• Work request: Would you please repeat, word for word, only the lines from the one holding "Toucan Diagram 1" through the one holding "ウキウキピアノの軽快なジングルの未再生の波形" in the material below, without the pictures?

• The data:
== Segment start ==
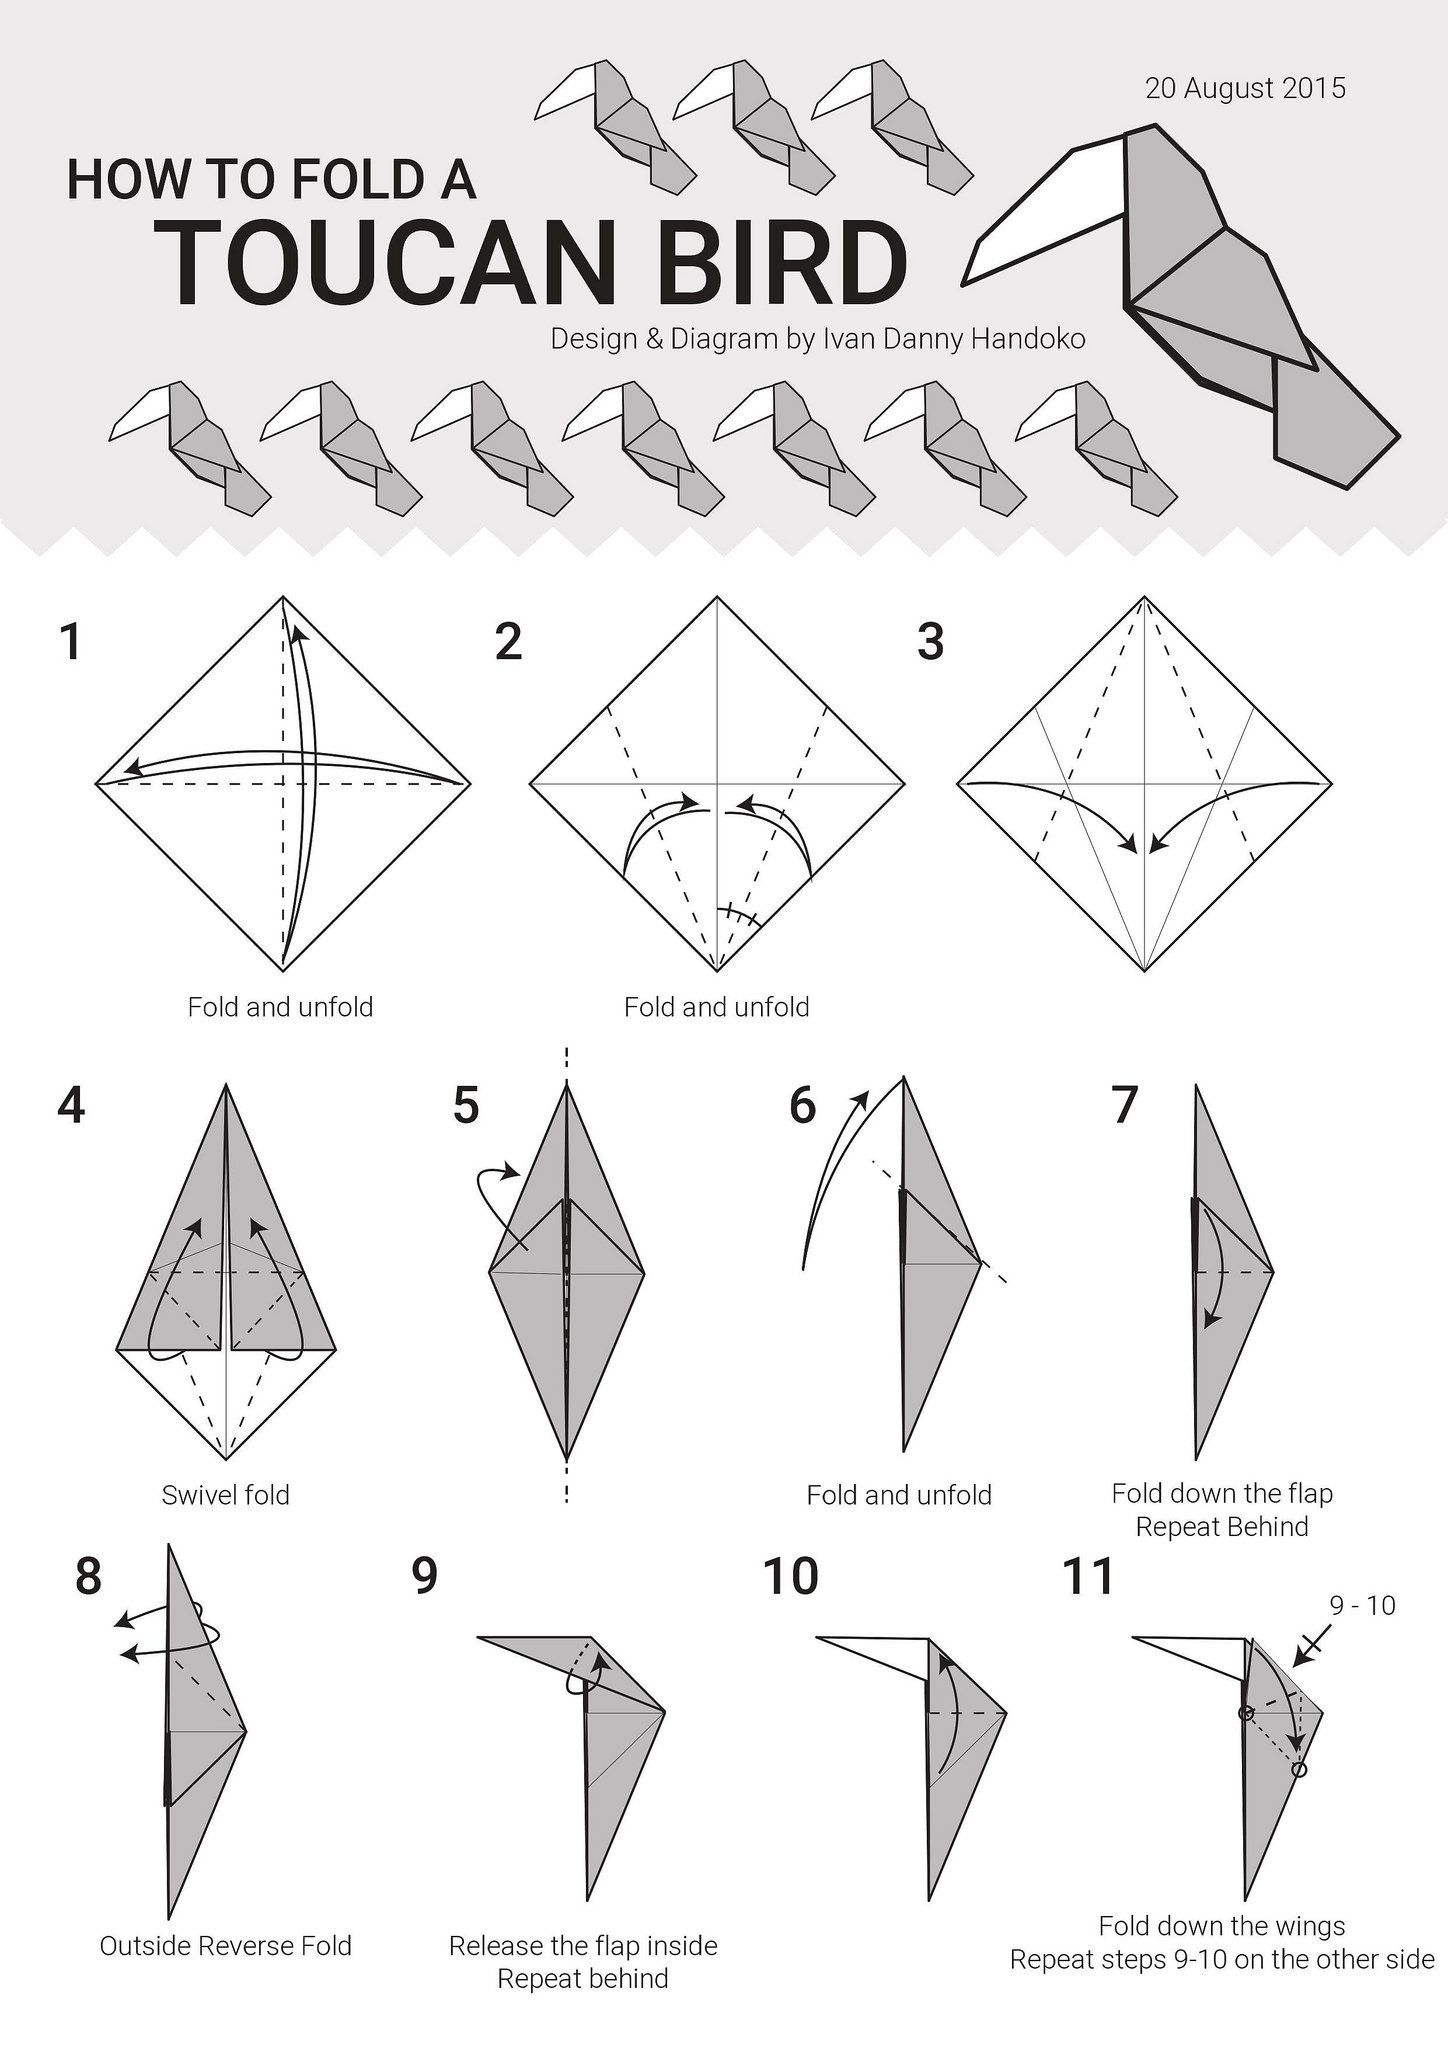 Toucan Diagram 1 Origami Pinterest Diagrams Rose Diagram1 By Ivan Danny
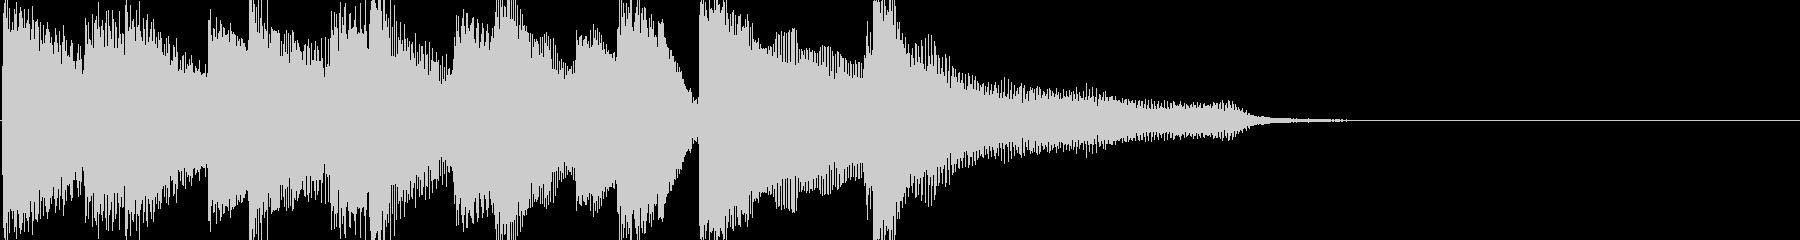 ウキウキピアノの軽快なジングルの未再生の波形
== Segment end ==
== Segment start ==
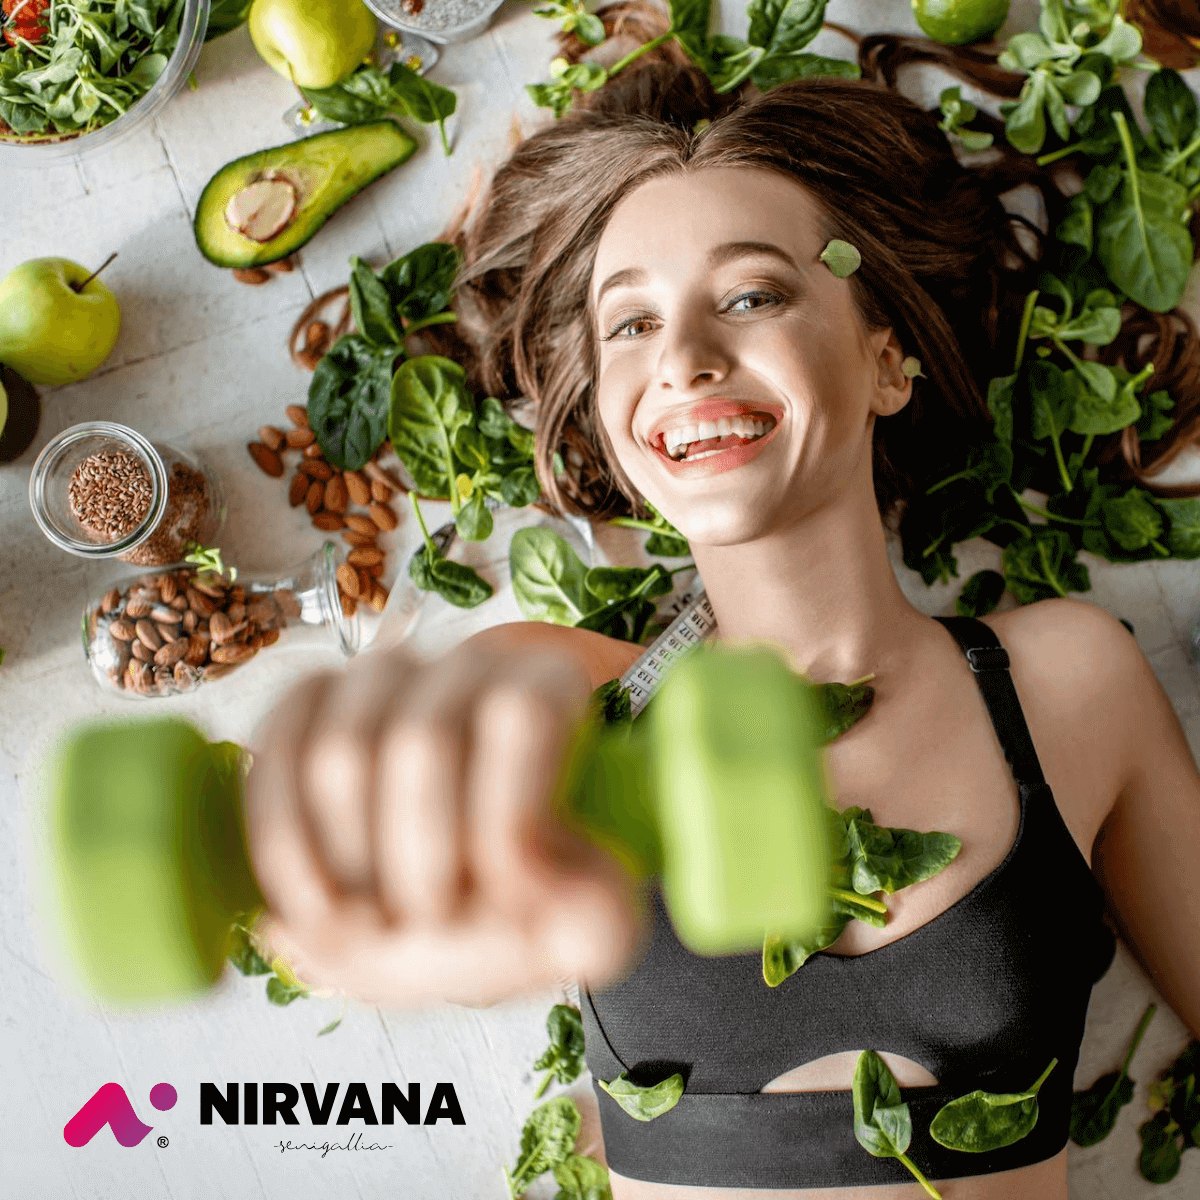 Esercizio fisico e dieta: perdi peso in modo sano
== Segment end ==
• Response area:
 Toucan Diagram 1 Origami Pinterest Diagrams Rose Diagram1 By Ivan Danny
 ウキウキピアノの軽快なジングルの未再生の波形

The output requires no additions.